▶ _AIM OF THE EXERCISE_
Word for word, restate the data that follows, omitting the images.

▶ _DATA SECTION_

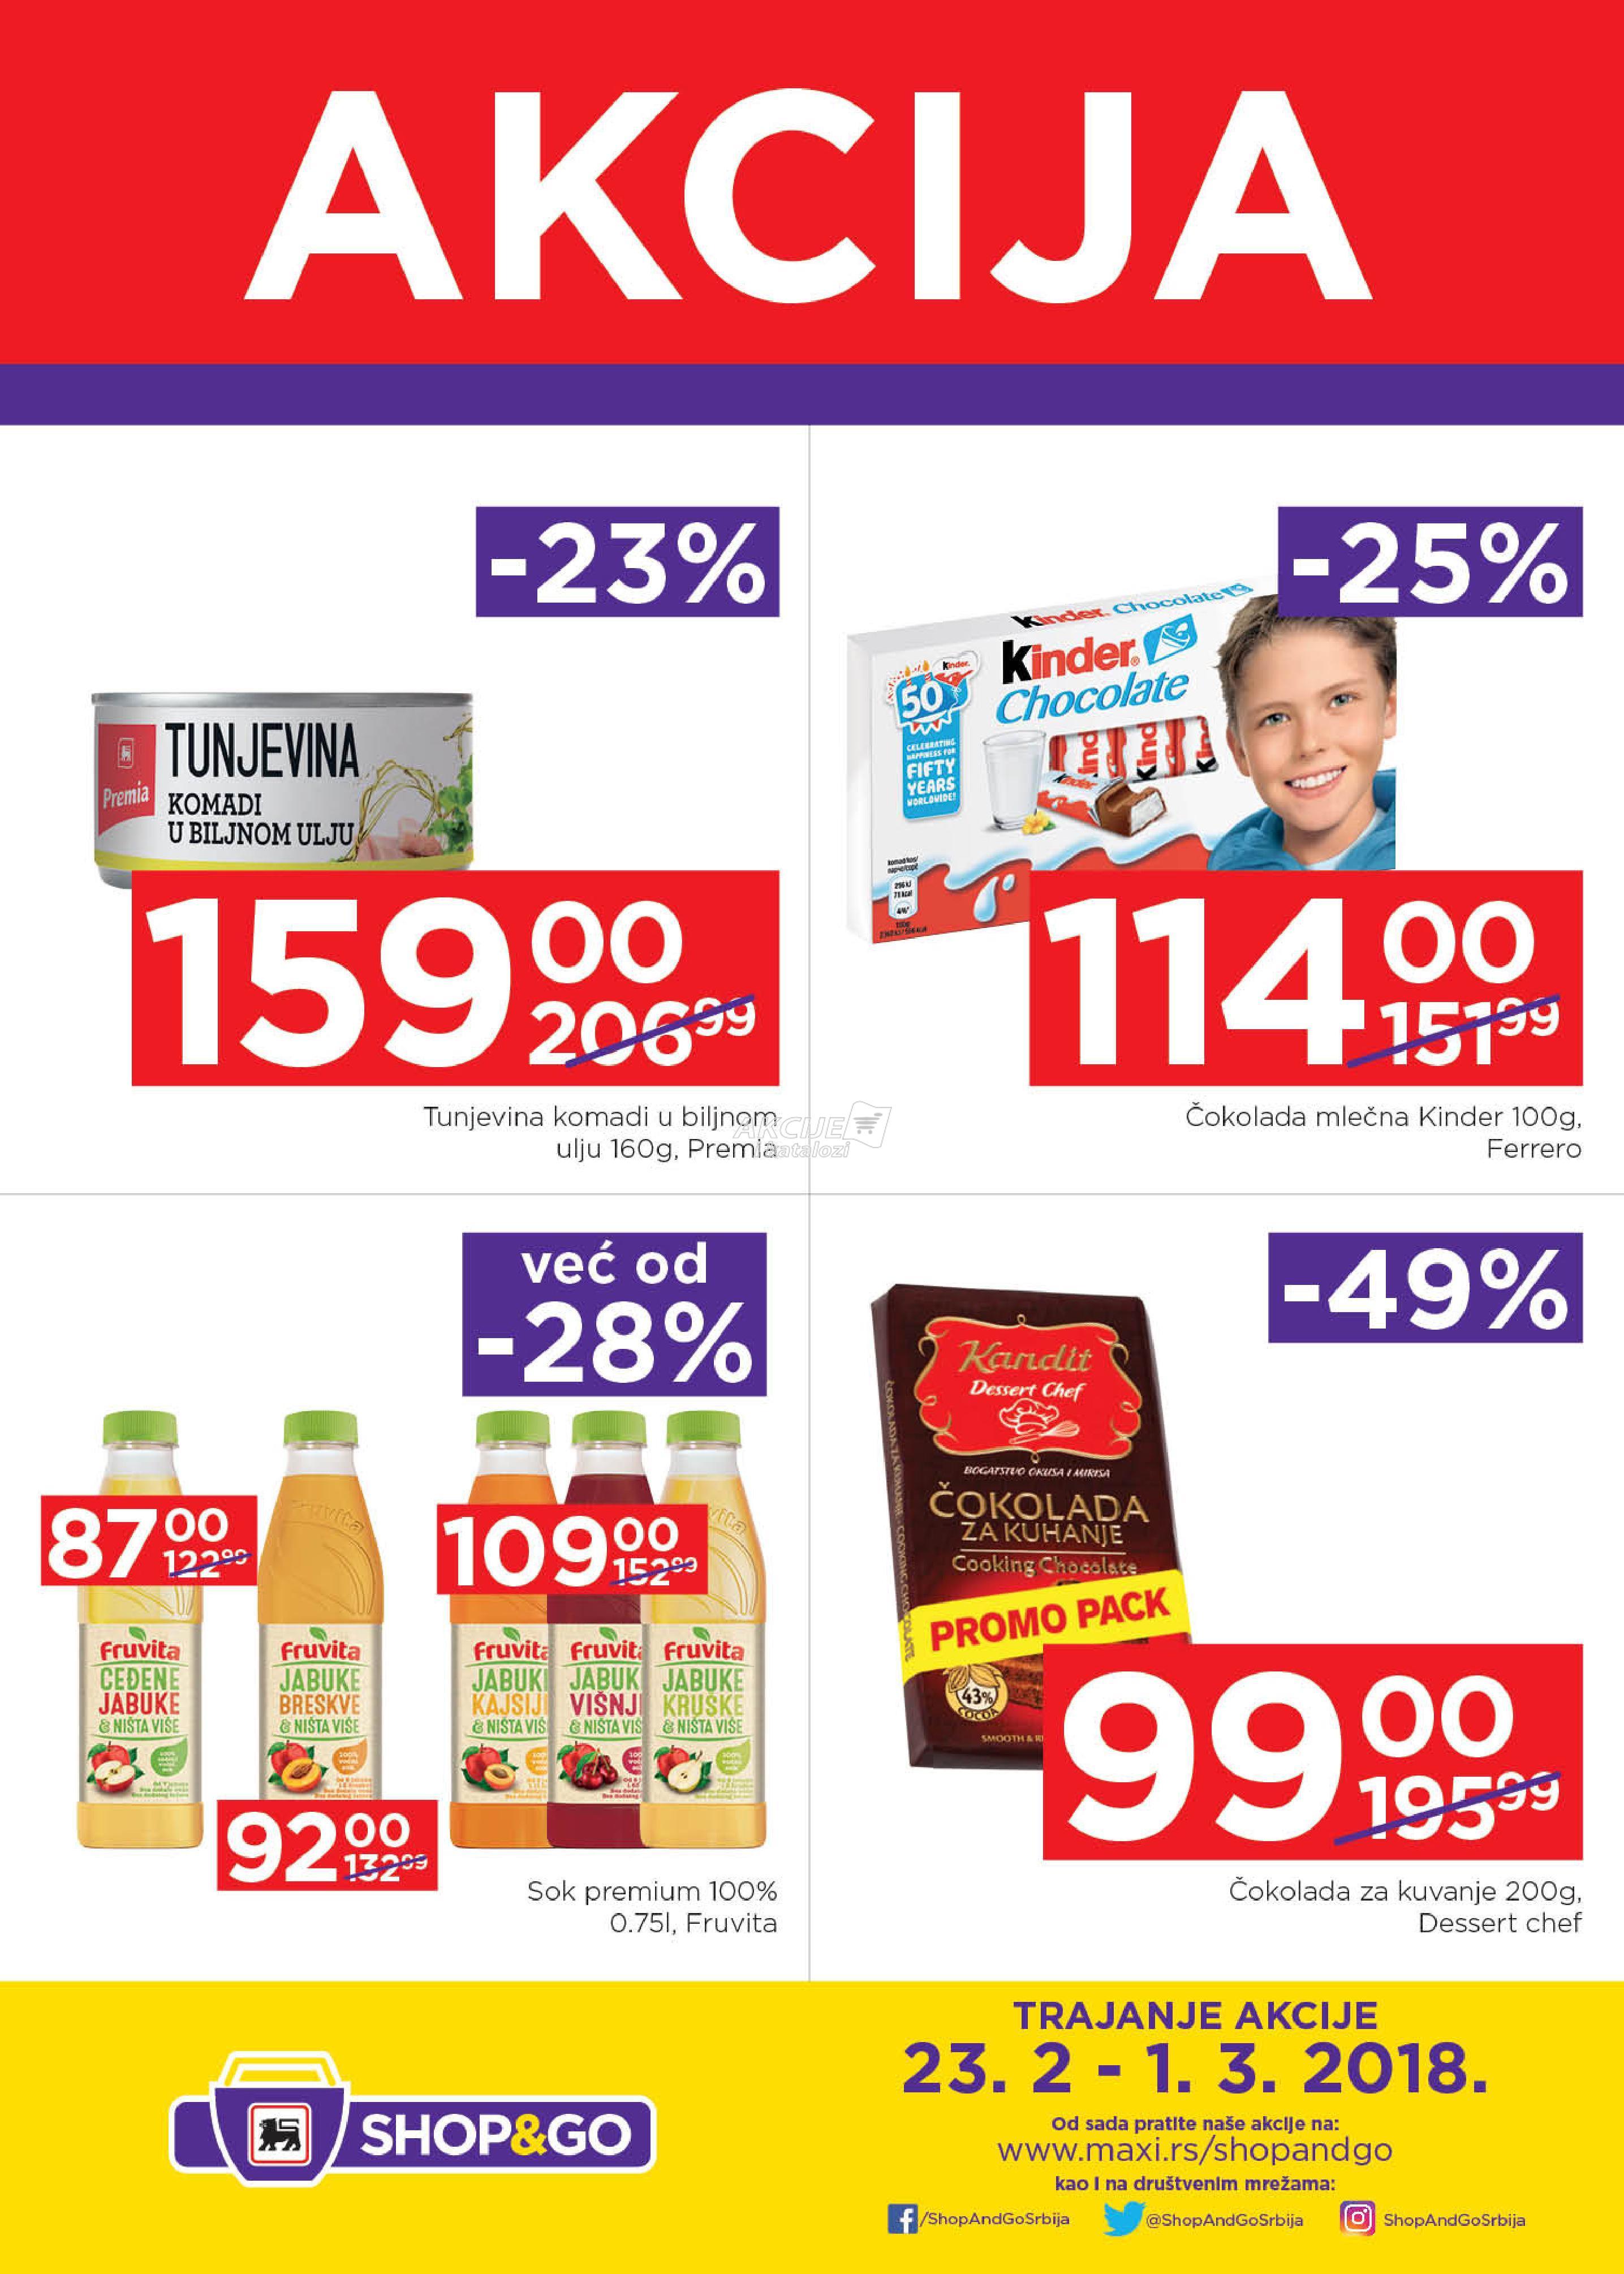 Shop&go - Redovna akcija nedeljne kupovine
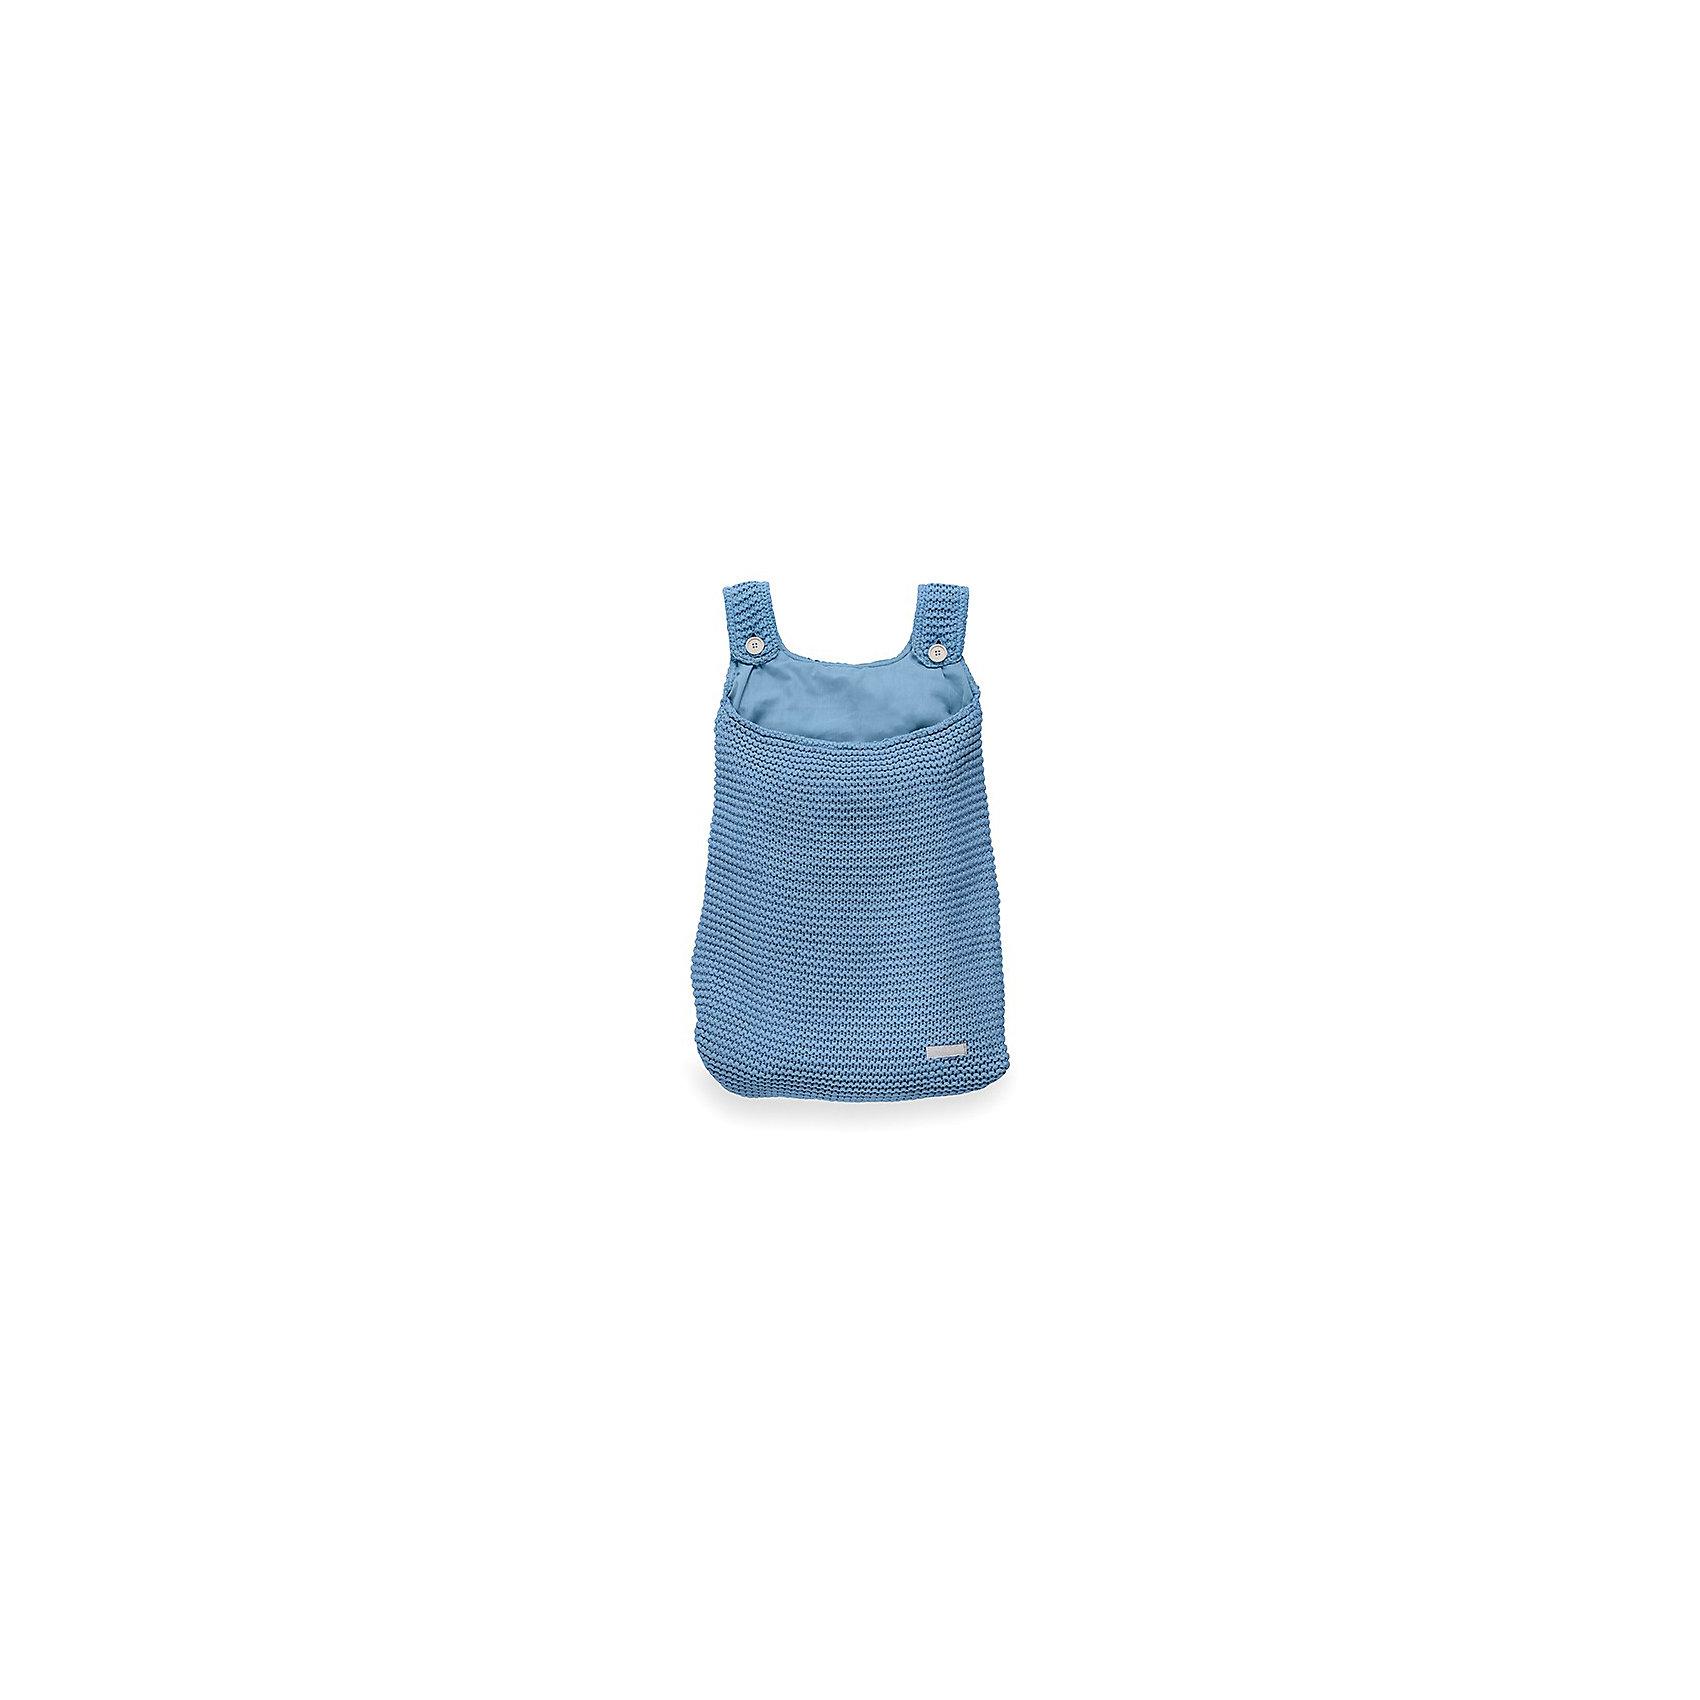 Сумка на кроватку, Jollein, BlueХарактеристики:<br><br>• Вид детского текстиля: сумка на детскую кроватку<br>• Предназначение: для хранения детских текстильных принадлежностей<br>• Пол: универсальный<br>• Коллекция: Heavy knit (Крупная вязка)<br>• Цвет: голубой<br>• Тематика рисунка: без рисунка<br>• Крепится к кроватке за счет лямок на пуговицах<br>• Универсальный размер, подходит для любых моделей детских кроваток<br>• Материал: 50% хлопок, 50% акрил<br>• Размер: 50*40 см<br>• Особенности ухода: машинная или ручная стирка при температуре не более 30 градусов<br><br>Сумка на кроватку, Jollein, Blue от торговой марки Жолляйн, которая является признанным лидером среди аналогичных брендов, выпускающих детское постельное белье и текстиль для новорожденных. Продукция этого торгового бренда отличается высоким качеством и дизайнерским стилем. Сумка на кроватку Jollein, Blue выполнена из вязаного полотна, в состав которого входит хлопок и акрил. Такое сочетание обеспечивает прочность и долговечность изделия: оно не потеряет форму и на нем не будут образовываться катышки даже при частных стирках и длительной эксплуатации. <br><br>Изделие выполнено в форме сумки с двумя лямками на пуговицах, с помощью которых она крепится к бортику кроватки. У сумки имеется подклад. Изделие имеет дизайнерский стиль марки Жолляйн – сдержанный минимализм: однотонное полотно, выполненное крупной вязкой. <br>Сумка на кроватку, Jollein, Blue – это не только порядок и уют, это еще и стильный аксессуар для детской комнаты вашего малыша! <br><br>Сумку на кроватку, Jollein, Blue можно купить в нашем интернет-магазине.<br><br>Ширина мм: 250<br>Глубина мм: 400<br>Высота мм: 50<br>Вес г: 500<br>Возраст от месяцев: 0<br>Возраст до месяцев: 36<br>Пол: Унисекс<br>Возраст: Детский<br>SKU: 5367094
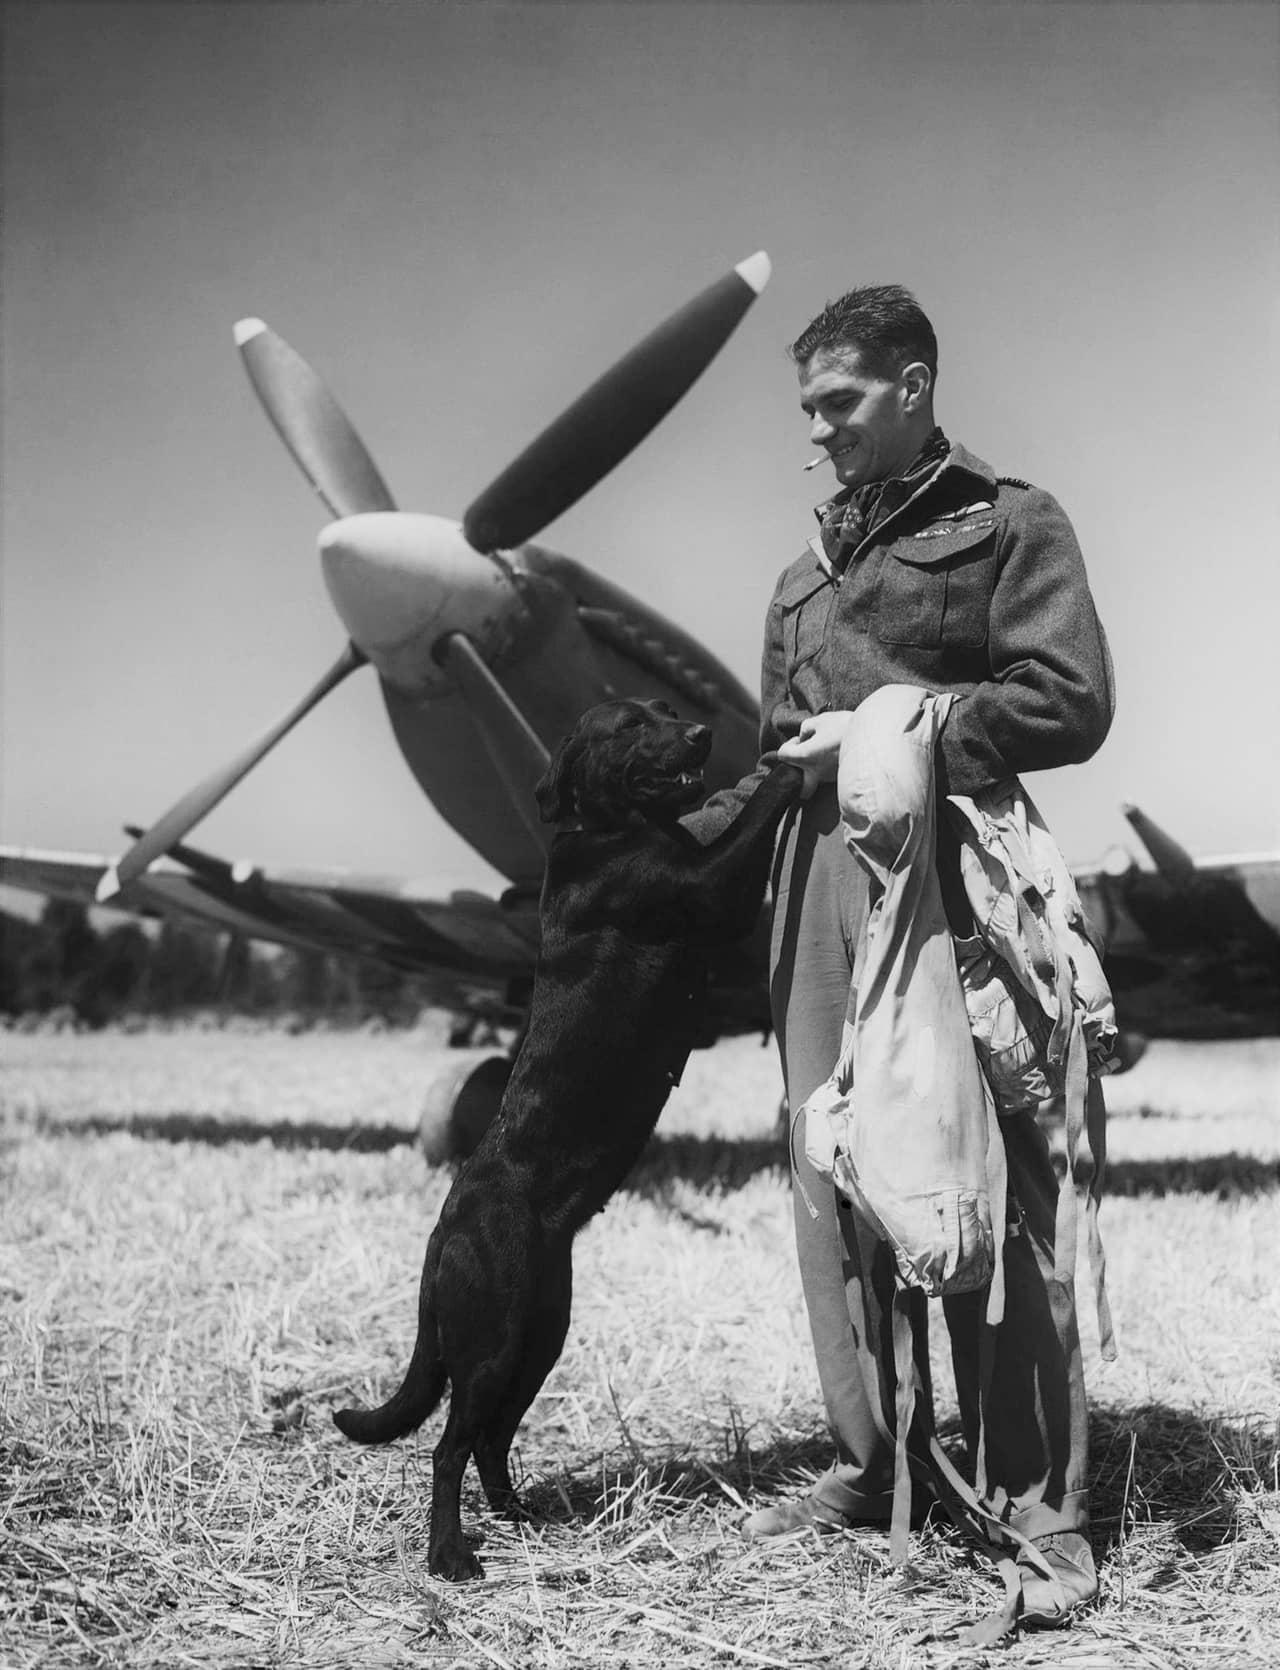 スーパーマリン・スピットファイア(グリフォン搭載型)×ジェームズ・エドガー・ジョンソン~ジョンブル魂を象徴する名戦闘機

▶ _RESULT BELOW_
 Shop&go - Redovna akcija nedeljne kupovine
 Сумка на кроватку, Jollein, BlueХарактеристики:<br><br>• Вид детского текстиля: сумка на детскую кроватку<br>• Предназначение: для хранения детских текстильных принадлежностей<br>• Пол: универсальный<br>• Коллекция: Heavy knit (Крупная вязка)<br>• Цвет: голубой<br>• Тематика рисунка: без рисунка<br>• Крепится к кроватке за счет лямок на пуговицах<br>• Универсальный размер, подходит для любых моделей детских кроваток<br>• Материал: 50% хлопок, 50% акрил<br>• Размер: 50*40 см<br>• Особенности ухода: машинная или ручная стирка при температуре не более 30 градусов<br><br>Сумка на кроватку, Jollein, Blue от торговой марки Жолляйн, которая является признанным лидером среди аналогичных брендов, выпускающих детское постельное белье и текстиль для новорожденных. Продукция этого торгового бренда отличается высоким качеством и дизайнерским стилем. Сумка на кроватку Jollein, Blue выполнена из вязаного полотна, в состав которого входит хлопок и акрил. Такое сочетание обеспечивает прочность и долговечность изделия: оно не потеряет форму и на нем не будут образовываться катышки даже при частных стирках и длительной эксплуатации. <br><br>Изделие выполнено в форме сумки с двумя лямками на пуговицах, с помощью которых она крепится к бортику кроватки. У сумки имеется подклад. Изделие имеет дизайнерский стиль марки Жолляйн – сдержанный минимализм: однотонное полотно, выполненное крупной вязкой. <br>Сумка на кроватку, Jollein, Blue – это не только порядок и уют, это еще и стильный аксессуар для детской комнаты вашего малыша! <br><br>Сумку на кроватку, Jollein, Blue можно купить в нашем интернет-магазине.<br><br>Ширина мм: 250<br>Глубина мм: 400<br>Высота мм: 50<br>Вес г: 500<br>Возраст от месяцев: 0<br>Возраст до месяцев: 36<br>Пол: Унисекс<br>Возраст: Детский<br>SKU: 5367094
 スーパーマリン・スピットファイア(グリフォン搭載型)×ジェームズ・エドガー・ジョンソン~ジョンブル魂を象徴する名戦闘機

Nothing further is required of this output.